:: Listed records ::
╔══

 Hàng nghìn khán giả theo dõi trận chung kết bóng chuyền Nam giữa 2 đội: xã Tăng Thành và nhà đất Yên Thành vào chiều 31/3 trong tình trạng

╚══
╔══

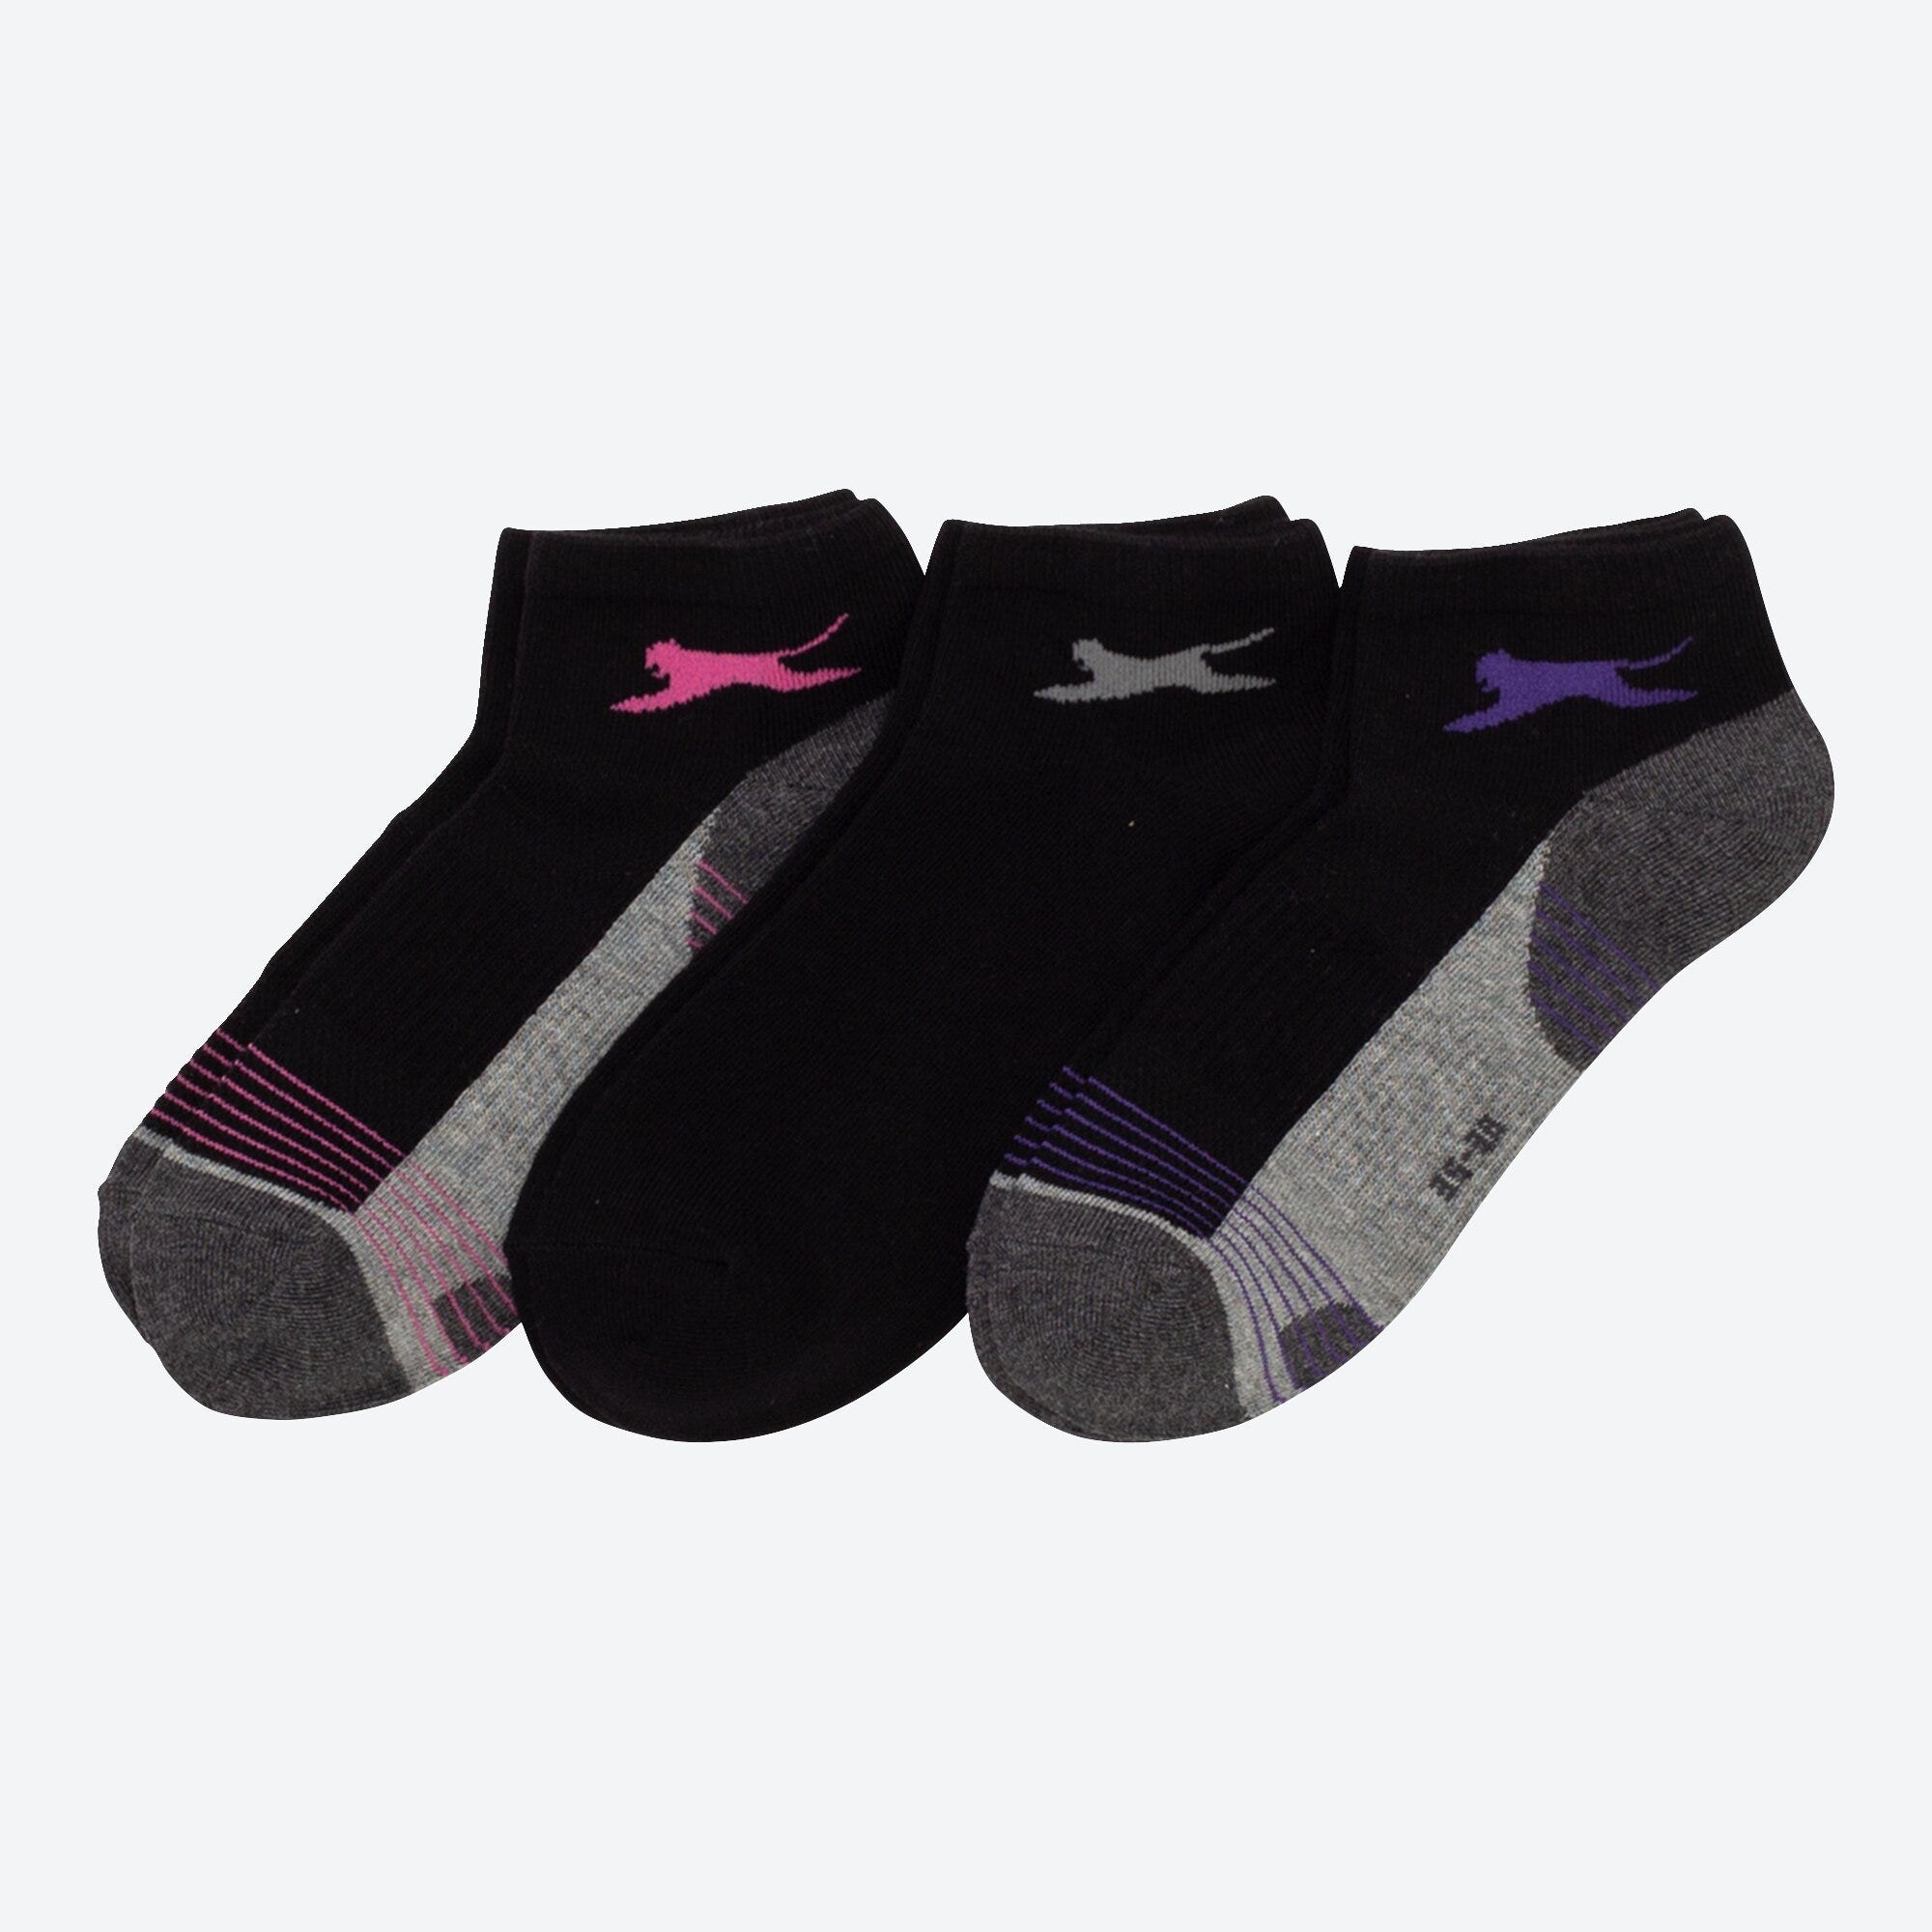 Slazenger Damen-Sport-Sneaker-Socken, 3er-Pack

╚══
╔══

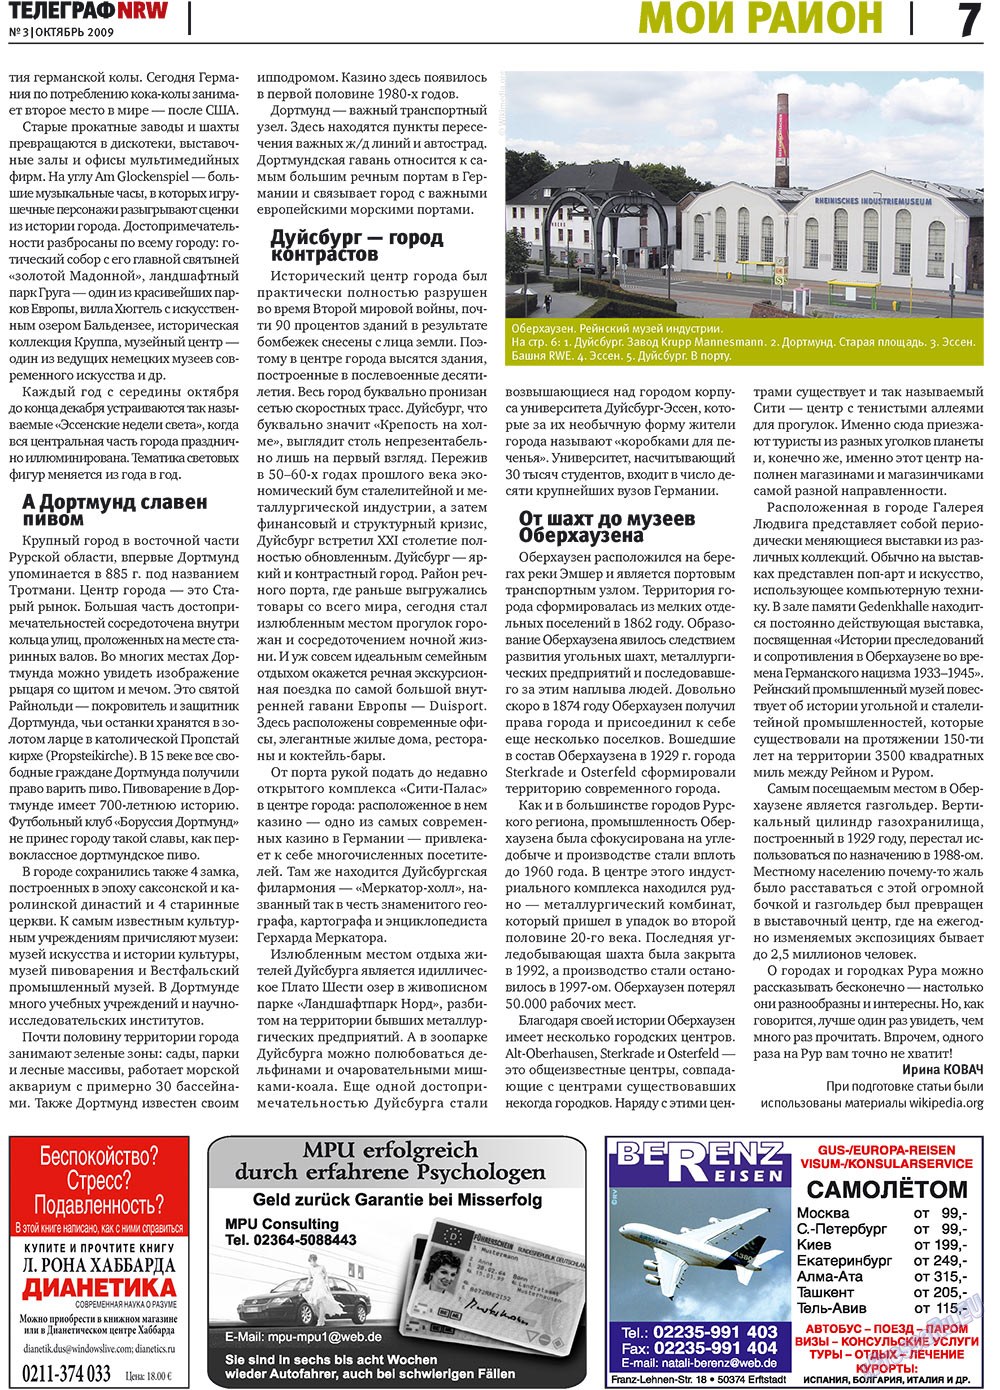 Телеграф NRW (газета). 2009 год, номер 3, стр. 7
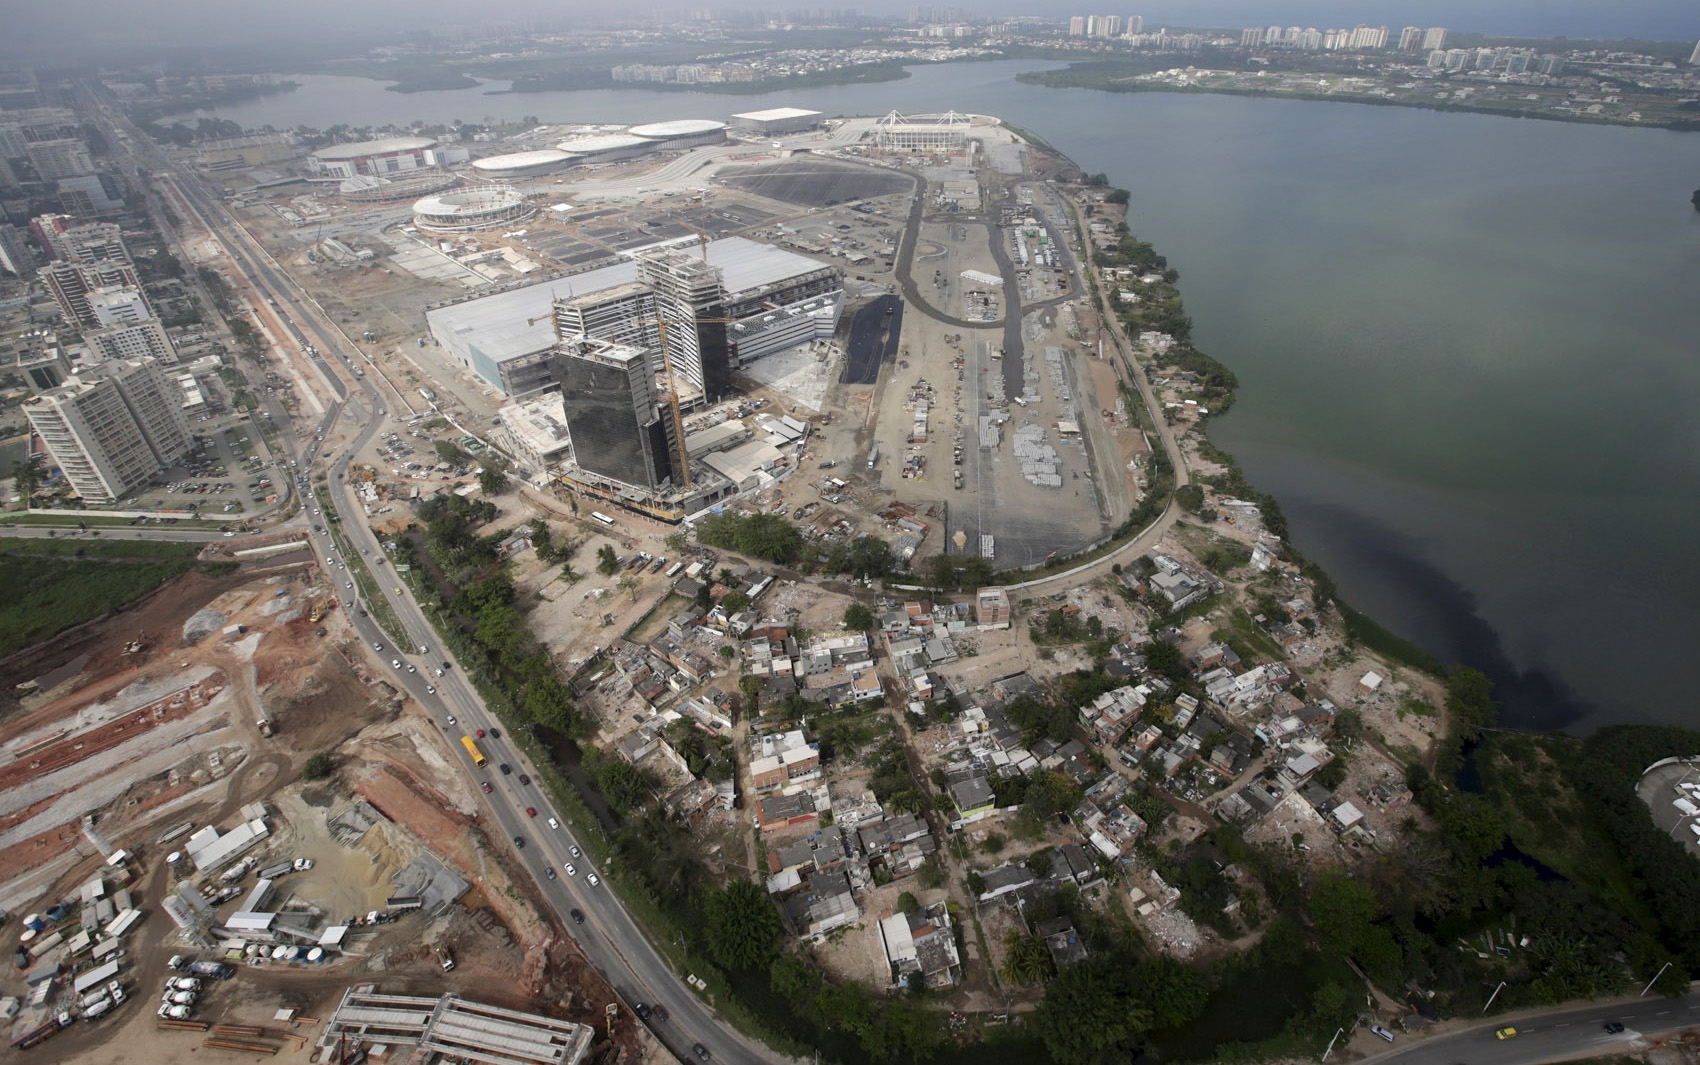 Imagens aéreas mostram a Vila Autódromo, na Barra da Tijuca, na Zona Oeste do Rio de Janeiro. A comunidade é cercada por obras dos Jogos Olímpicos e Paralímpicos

╚══

:: Task brief ::
Although the records above contain pictures, the copy should not; retype exactly the lines from the one containing "Телеграф NRW (газета)." through the one containing "Imagens aéreas mostram".

:: Reply to the exercise ::
 Телеграф NRW (газета). 2009 год, номер 3, стр. 7
 Imagens aéreas mostram a Vila Autódromo, na Barra da Tijuca, na Zona Oeste do Rio de Janeiro. A comunidade é cercada por obras dos Jogos Olímpicos e Paralímpicos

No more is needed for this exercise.